USACO section 3.3 Shopping Offers(DP或最短路)
IOI'95
In a certain shop, each kind of product has an integer price. For example, the price of a flower is 2 zorkmids (z) and the price of a vase is 5z. In order to attract more customers, the shop introduces some special offers.
A special offer consists of one or more product items together for a reduced price, also an integer. Examples:
- three flowers for 5z instead of 6z, or
- two vases together with one flower for 10z instead of 12z.
Write a program that calculates the price a customer has to pay for a purchase, making optimal use of the special offers to make the price as low as possible.

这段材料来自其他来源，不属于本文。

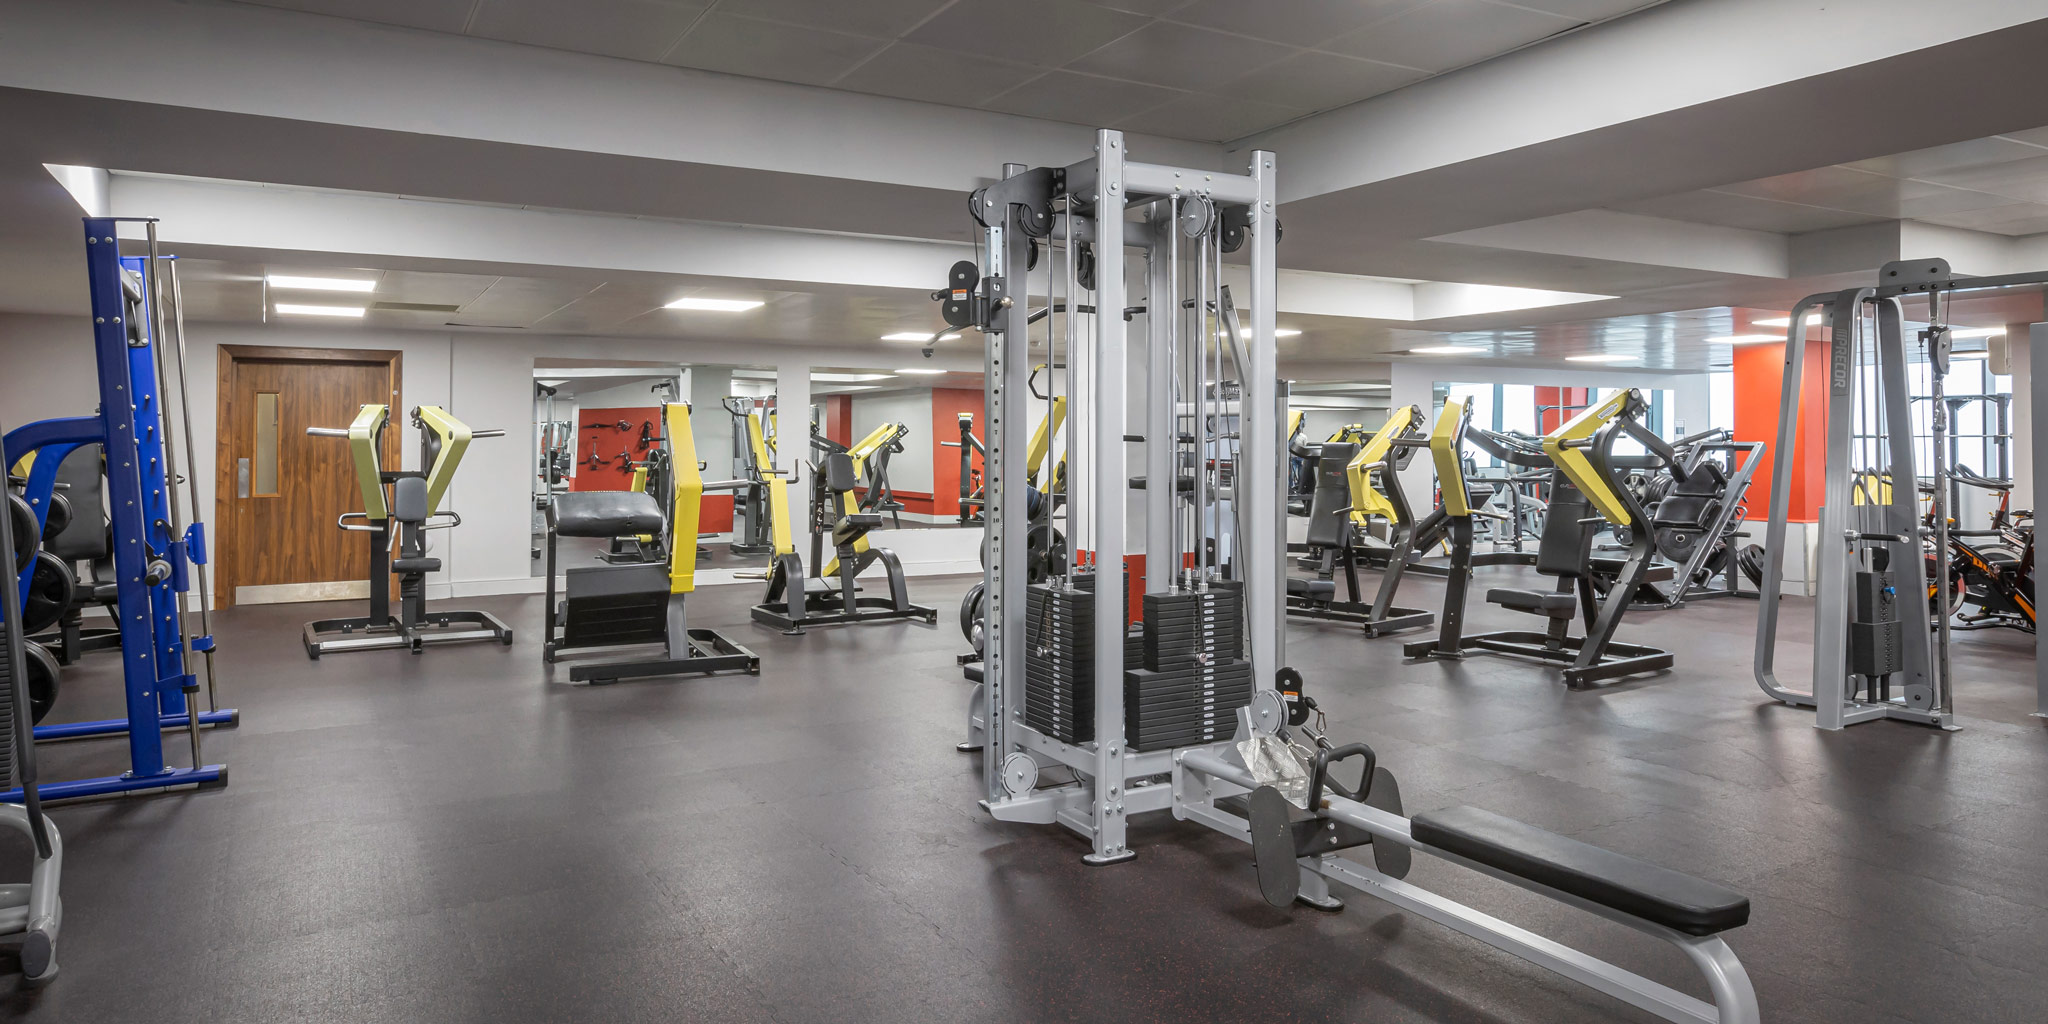 gym-equipment-Club-Vitae-Maldron-Hotel-Tallaght

You are not allowed to add items, even if that would lower the price.
For the prices and offers given above, the (lowest) price for three flowers and two vases is 14z: two vases and one flower for the reduced price of 10z and two flowers for the regular price of 4z.
PROGRAM NAME: shopping
INPUT FORMAT
The input file has a set of offers followed by a purchase.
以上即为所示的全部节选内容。